DifT was done using normalized quantitative anisotropy (NQA) with DSI Studio. The quantitative analysis involved obtaining mean NQA and fractional anisotropy (FA) values for the disrupted pathways tracing the corticospinal tract (CST), and white fiber network changes over time.
We described the baseline tractography, DifT, and white matter network changes from two patients who underwent resection of an oligodendroglioma (Case 1) and an IDH mutant astrocytoma, grade 4 (Case 2). Case 1. There was a slight decrease in the diffusion signal of the compromised CST in the immediate postop. The NQA and FA values increased at the 1-year follow-up (0.18 vs. 0.32 and 0.35 vs. 0.44, respectively). Case 2. There was an important decrease in the immediate postop, followed by an increase in the follow-up. In the 1-year follow-up, the patient presented with radiation necrosis and tumor recurrence, increasing NQA from 0.18 in the preop to 0.29. Fiber network analysis: whole-brain connectome comparison demonstrated no significant changes in the immediate postop. However, in the 1-year follow up there was a notorious reorganization of the fibers in both cases, showing the decreased density of connections.
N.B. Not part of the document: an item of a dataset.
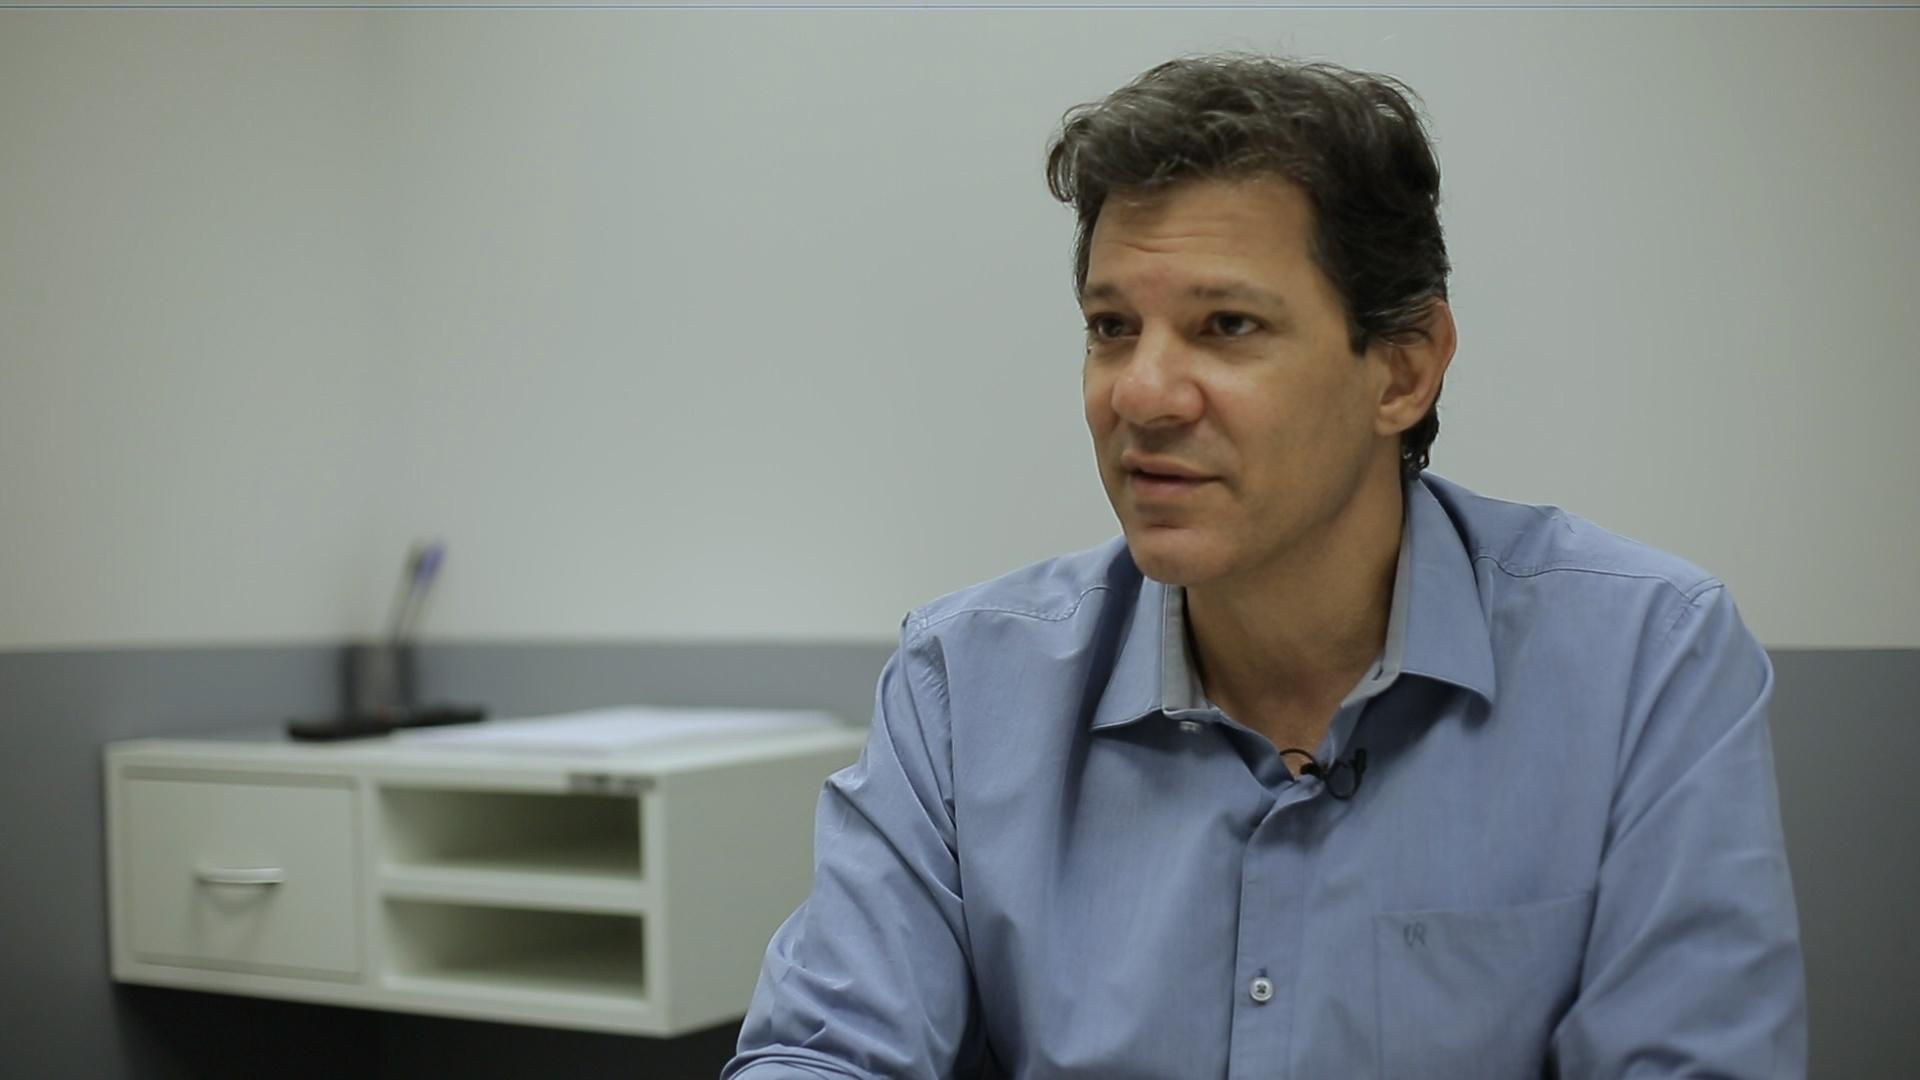 Entrevista exclusiva | Haddad diz que discurso de Bolsonaro e Doria é oportunista e inconsequente

Connectome studies and DifT constitute new potential tools to predict early reorganization changes in a patient’s networks, showing the brain plasticity capacity, and helping to establish timelines for the progression of the tumor and treatment-induced changes.
•Differential NQA and FA values are subjective measurements of the preservation of function postoperatively.•Our study sheds light on how the connectome undergoes sequential reorganization in an evolving manner, varying on a case-by-case basis.•The reorganization of the fibers and changes in the values may not necessarily correlate with clinical outcomes, particularly in high-grade gliomas.•DfT directly reflects brain plasticity; however, functionality prediction requires more sophisticated methods, such as predictability models.